Когда первые лучи солнца показались в его спальне, он вскочил, нетерпеливо привел себя в порядок и принялся за дело. Спустя час работа была в самом разгаре. Солдаты рыли землю там, где торчали отметины, а некоторые офицеры снимали паркет и ломали стены тяжелой кувалдой в поисках тайников. Полковник объявил, что они ищут сокровища, спрятанные графом Шереметьевым. От такой новости его помощники стали работать куда усерднее. Сам же он нервозно перемещался между очагами раскопок, не забывая наведываться и внутрь дворца.
Безрезультатные поиски закончились с наступлением темноты. Но лишь для того, чтобы снова начаться наутро.
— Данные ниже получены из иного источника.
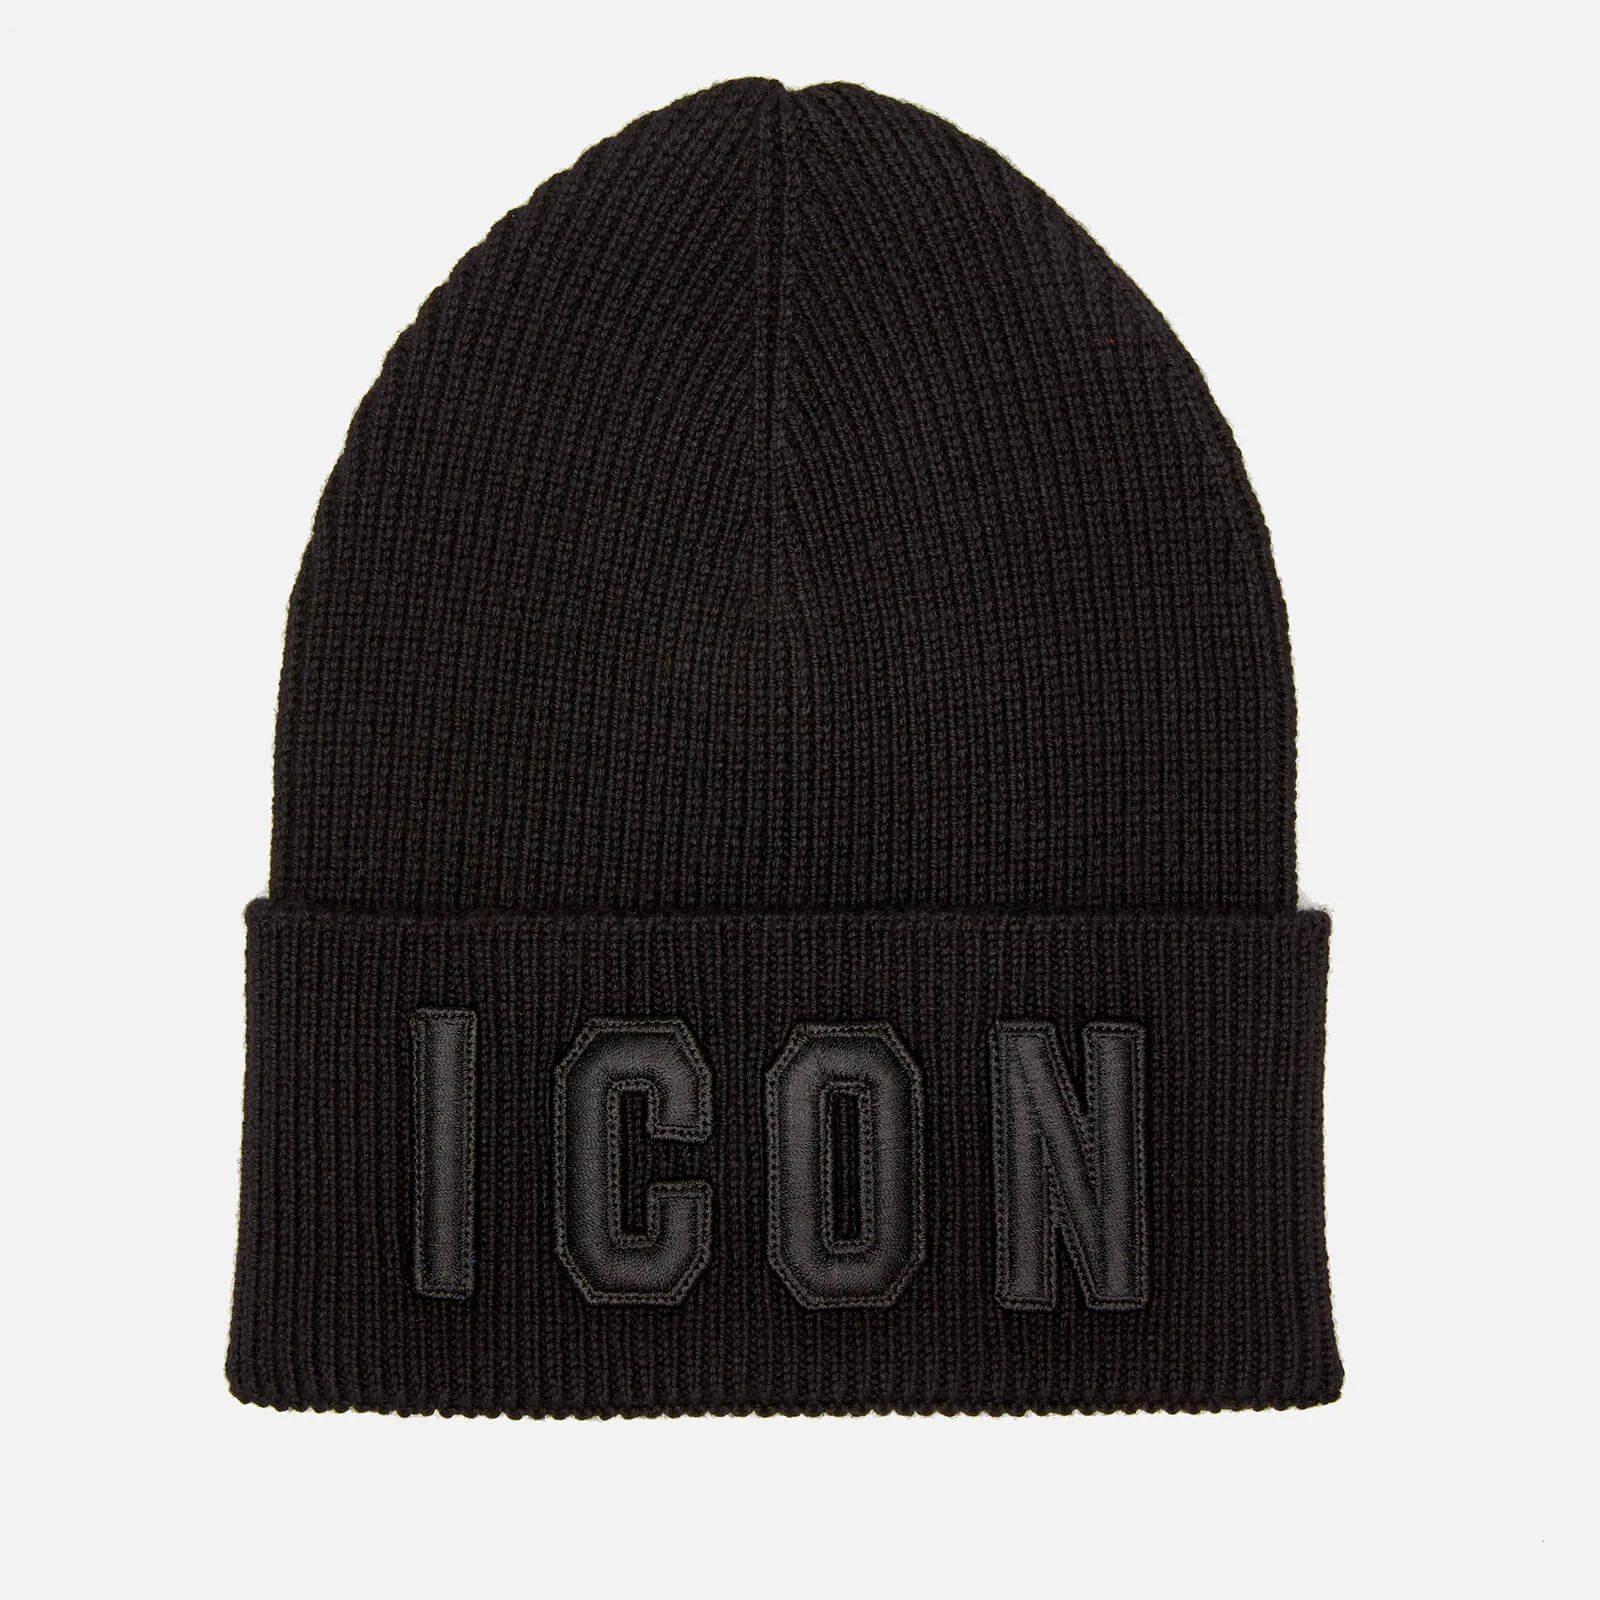 Dsquared2 Men's Icon Knit Hat - Black/Black Image 1

На второй день полковник вместе с большой группой солдат отправился на местное кладбище. И хотя некоторые были испуганы, остальные азартно раскапывали и вскрывали могилы. Близость несметных сокровищ, о которых так усердно твердил их командир, пьянила людей все сильнее, притупляя страх и отвращение.
К вечеру второго дня окрестности дворца выглядели так, будто пережили нашествие гигантских кротов. Внутри замка тоже произошли немалые перемены. Некоторые залы были изрядно изуродованы, кое-где отсутствовал паркет. Все гобелены и картины, способные заслонить собою тайник, были сорваны. Большинство кресел и кроватей — выпотрошены, а столики редкой красоты изрублены вдоль и поперек.
Но несмотря на остервенелые поиски, сокровища никак не желали доставаться завоевателям, прячась в неизвестном укромном месте. Полковник на глазах становился все более встревоженным и злым. Когда дворец и парк погрузились в ночь, он приказал солдатам мастерить факела. Работа продолжилась и в темноте. Француз лично перебирал руками землю, откинутую из ям, из чего солдаты сделали вывод, что их командир либо спятил, либо ищет чего-то очень небольшое. Все еще надеясь на ценные находки, они из последних сил продолжали рыть. Полковник дал приказ разойтись лишь в три часа ночи. Его уверенность в удачном исходе поиска дрогнула. Он срывал злость на солдатах, вооруженных кольями и лопатами. Спать легли ближе к утру. Полковник долго ворочался, гоня от себя мысли о бесполезности поисков. Незадолго до рассвета крепкий безмятежный сон внезапно подкрался к нему, словно опытный диверсант.